Mathematics explains to us how Christians today have no more reason to reject Paul's recommendations to live celibacy than the first Christians did. It is a tradition of The Loyal Lion to dedicate our November issues to the last things, and especially their connection to the doctrines of celibacy and virginity which we work to restore to prominence in the modern Catholic Church. This is fitting because as Advent looms, the Lectionary centers on Christian beliefs about the end times, or as theologians say, our eschatology. This science, from the Greek word eschaton meaning ‘end,’ deals with Christ’s return at the end of days, the judgment, and the possibilities of heaven or hell.
In this article we correct an erroneous view about Jesus’ return that we despise for the way it interferes with the true Catholic teachings about celibacy. A big part of Christianity is our anxious wait for the return of the Lord. But the nature of this wait turns out to be a theological bone of contention.
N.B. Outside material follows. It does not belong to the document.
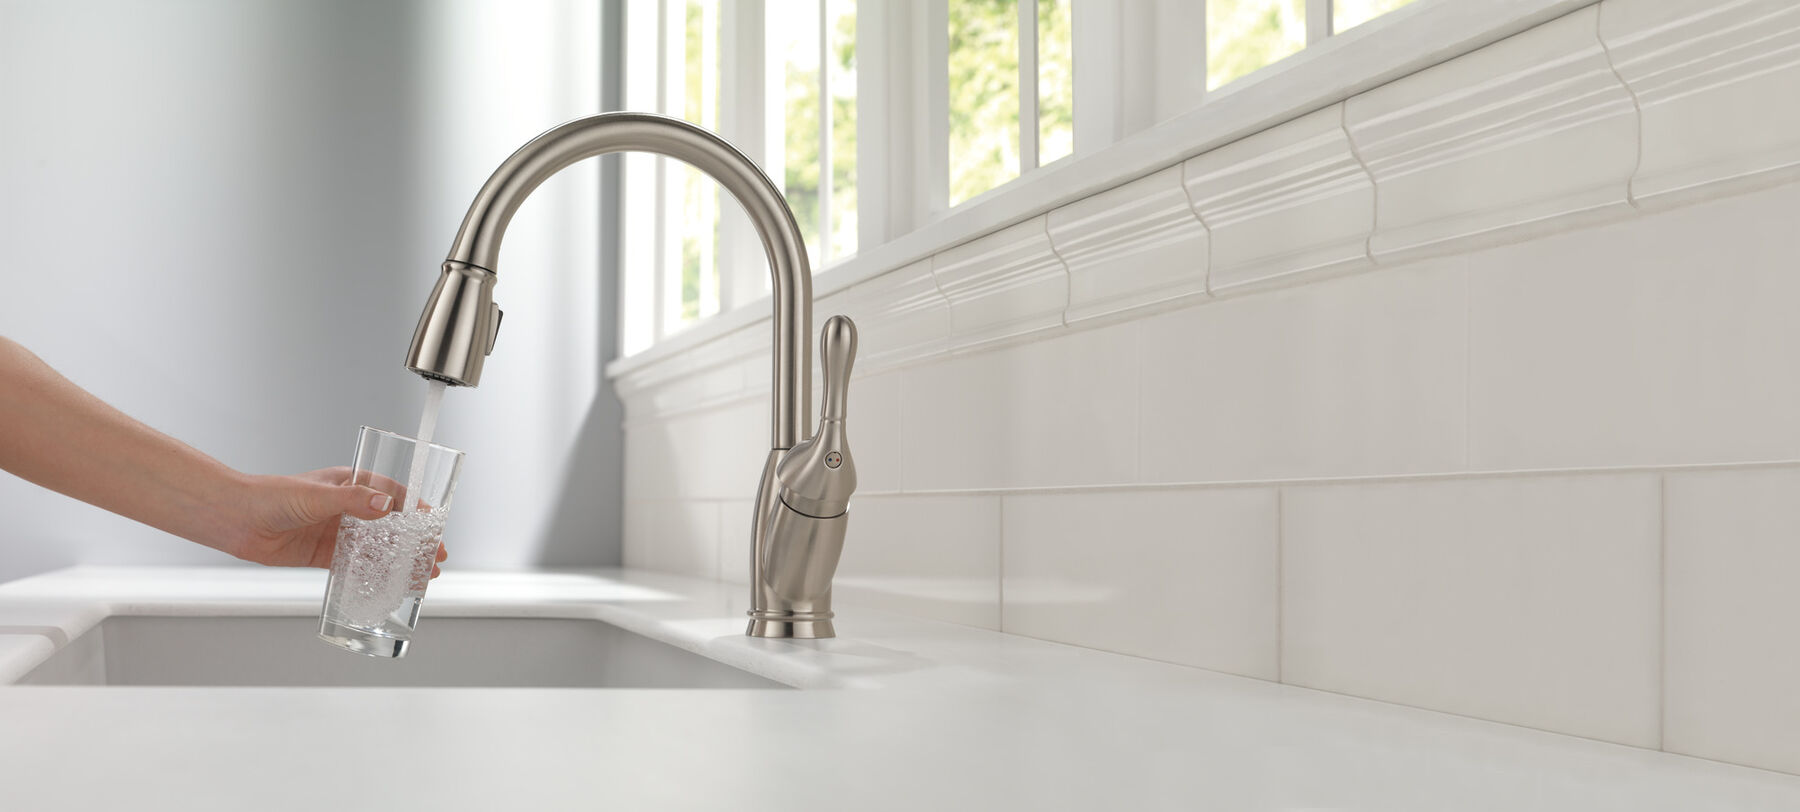 Brita Total 360 Under Sink Kitchen & Bathroom Water Filtration
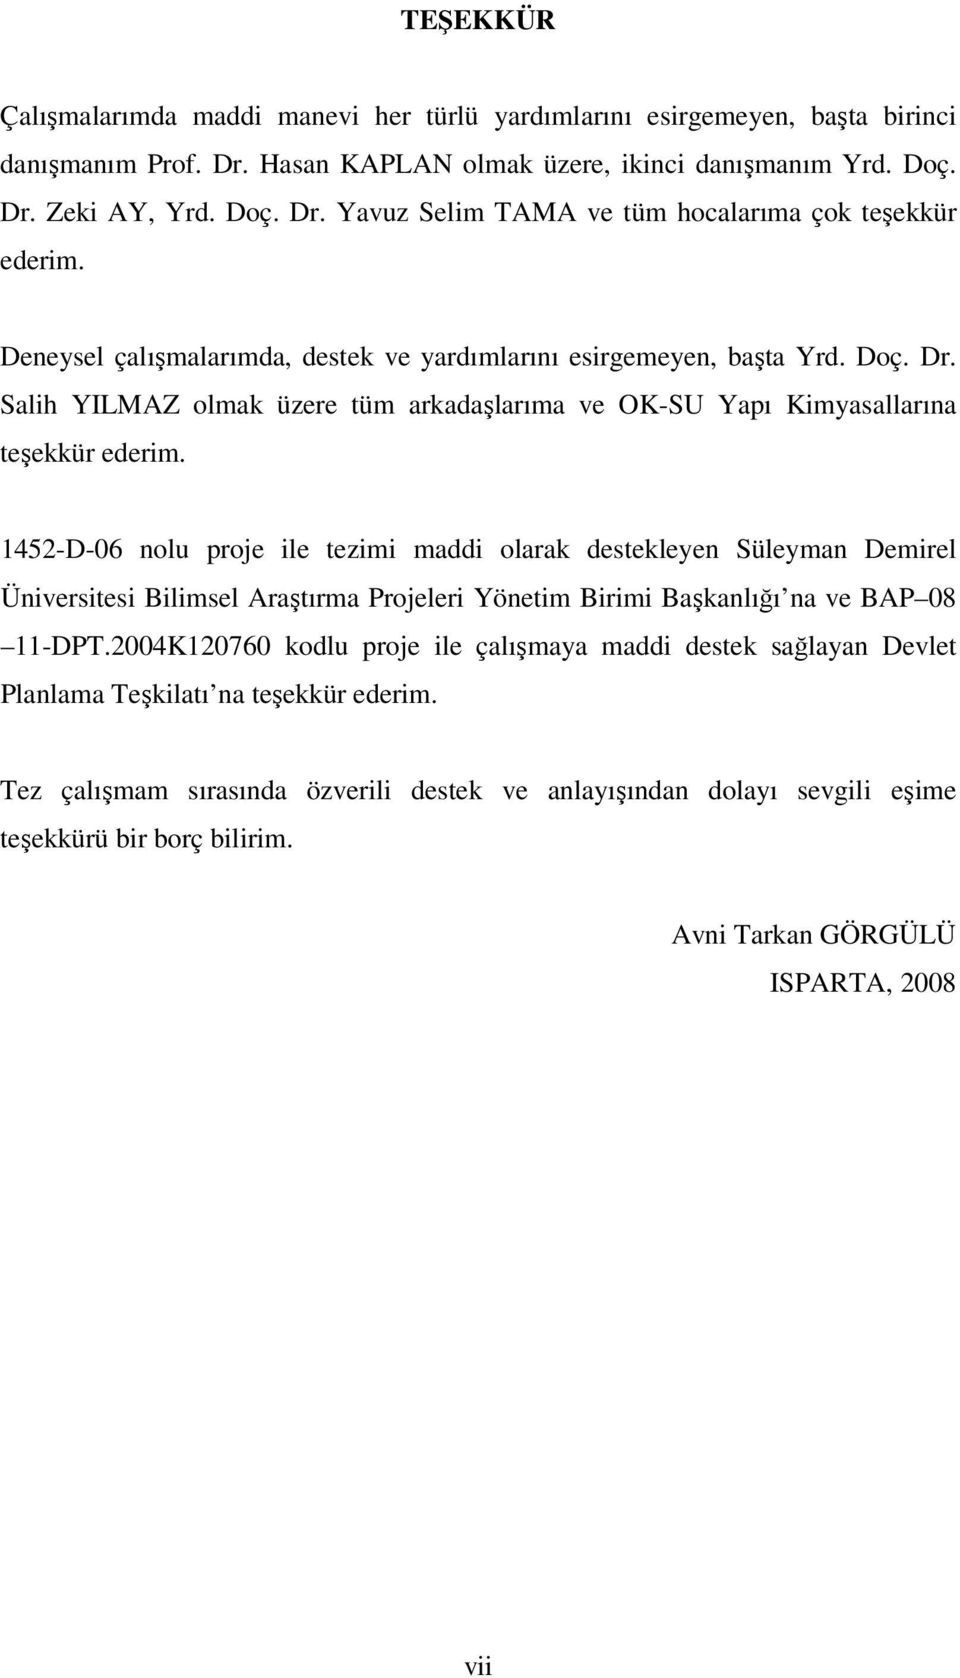 1452-D-06 nolu proje ile tezimi maddi olarak destekleyen Süleyman Demirel Üniversitesi Bilimsel Araştırma Projeleri Yönetim Birimi Başkanlığı na ve BAP 08 11-DPT.

To develop our point we must embark on a mathematical discussion involving probability theory. We need to make use of math’s ability to characterize three types of waiting. Indulge us.
First, imagine a bus that comes every twenty minutes. A man walks up to the bus stop unaware of when it last came. He can expect that at most he has to wait twenty minutes. But he might get lucky and show up just as the bus arrives. On average though, he knows he can expect a ten-minute wait. In mathematical language, we say the wait time for the bus is uniformly distributed between zero and twenty minutes. No wait time is more likely than any other. Over the long haul, he’ll have to wait two minutes as often as twelve and nine minutes as often as nineteen.
But notice with uniform distributions like this, the expected waiting time changes based on extra information. So let’s suppose that someone else was waiting at the bus stop when our rider shows up and she tells the newbie that she’s been waiting ten minutes. With this extra information, the man now expects to wait ten minutes more at most, expecting average wait of five minutes, not ten. That is, the longer one has waited, the more likely it is that the bus will come soon.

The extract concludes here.